# Lake Loramie info



## Swimbait (Mar 26, 2012)

I'm moving this from another forum under the advice of another member from the NW forum. I've never been to Lake Loramie before and am looking for any guidance that I can get. I'll be fishing from a kayak next for during a 3 day stay.


----------



## bigbass201 (Oct 26, 2015)

I've never fished it, but heard there are some good ones in there. I have a friend that use to fish there. I think his old reports are at this link below. I'm not sure how much information you can gather from them. They are about 10 years old. Hope it helps some.

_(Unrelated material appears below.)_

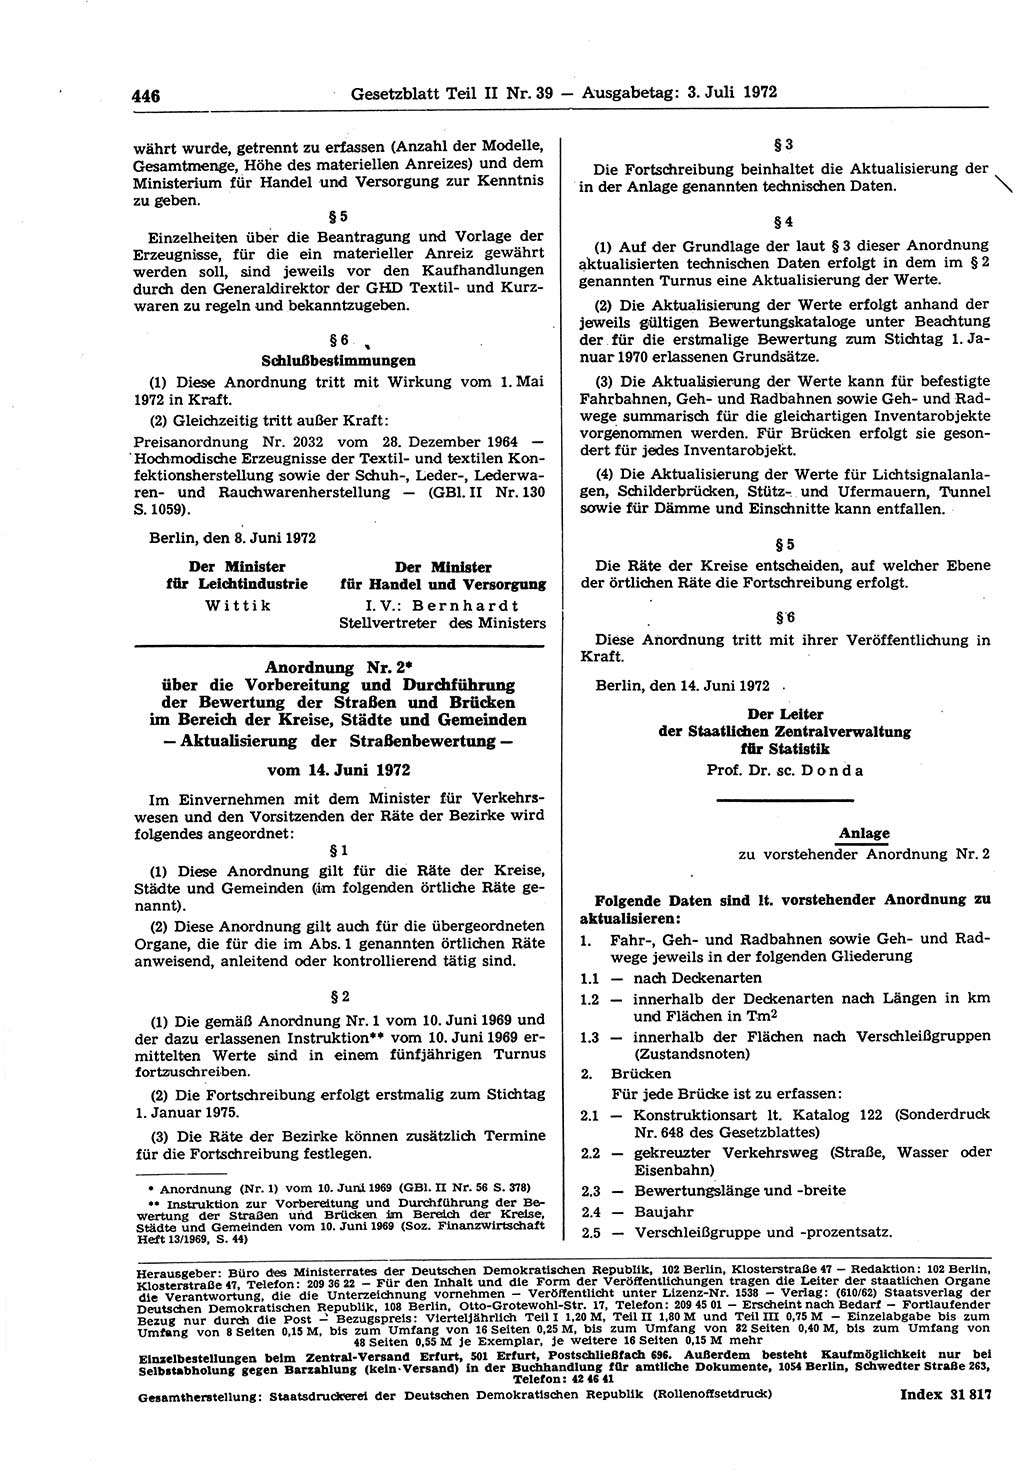 Gesetzblatt (GBl.) der Deutschen Demokratischen Republik (DDR) Teil ⅠⅠ 1972, Seite 446 (GBl. DDR ⅠⅠ 1972, S. 446)

https://www.tapatalk.com/groups/fishtalkfishingreports/loramie-lake-reports-f165/


----------



## Swimbait (Mar 26, 2012)

Thanks bigbass! Anything helps from where I'm sitting right now! I'll let you know how it goes.


----------



## Bohanan66 (Apr 19, 2012)

Lake Loramie has 30 miles of shoreline (Indian Lake has 29). I took my yak there last weekend for the first time and the best feature of the lake is that it has multiple fishing access points for yaks that are unsuitable for bigger watercraft. The Luthman Road Bridge ramps at the north end of the lake provide proximity to the most popular stretches of lake for bass and saugeye. Seems like most of the boats were fishing the shoreline close for bass and crappie. I was trolling a crawler harness for a couple of hours and only had one taker (12 inch crappie) but I was mainly sight-seeing on that trip. Amazing amount of stick-ups along the banks but the water is mostly shallow at the edges. Although it is an impoundment lake dug in 1844, it looks more like a river.


----------



## Swimbait (Mar 26, 2012)

Bohanan66 much appreciated. I'll be out there next Tuesday through Friday. Let you know how it goes!


----------



## LoramieFish12 (Jul 14, 2017)

What are you primarily targeting?


----------



## Freedomfisher (Apr 9, 2017)

How's the saugeye fishing? You don't really here about that in Laramie lake


----------



## Cobe24 (Sep 14, 2007)

Saugeye fishing from the main lake is usually pretty tough. Some years, there is a brief fall or winter bite around Luthman bridge area. Other than that, the spillway during higher flows is the place to be. It can be really good for crappies at the right time as well. However, with the lake being more riverine, the water is high and dirty so often. IMO, the panfish don’t grow as large as other nearby lakes.


----------



## Swimbait (Mar 26, 2012)

Sorry it took a while to get back and respond.....

LaromieFish12 I was looking for anything. The trip didn't really go as planned. the storms that hit were pretty bad. A lot of damage at the campgrounds and yes the water was really stained. Fished for a couple hours at one of the pull offs on the way into Minster and had no luck. Watched some guy's in a boat fishing across from me and didn't see them pull in anything. I didn't even put the Yak in the water. I'm not giving up on the place. I'll keep checking the forum for updates from other members. Do appreciate the info I did get from you guys!


----------



## Bohanan66 (Apr 19, 2012)

Sorry about your luck, Swimbait. Maybe I will try LL next week and will report.


----------



## matticito (Jul 17, 2012)

What ever wild ohio mag I get says it's good tail water fishery. I feel like that's a consistent thing with saugeye lakes. Let's stock a lake for them to go into the river.


----------



## Bohanan66 (Apr 19, 2012)

Took the yak there yesterday morning for a few hours, only a couple of boats put in at the Luthman Road ramp while I was there. Trolled cranks and crawlers. Dingy water with tons of inch long shad feeding on the surface. Only had one small cat hit my crank casting to shore.


----------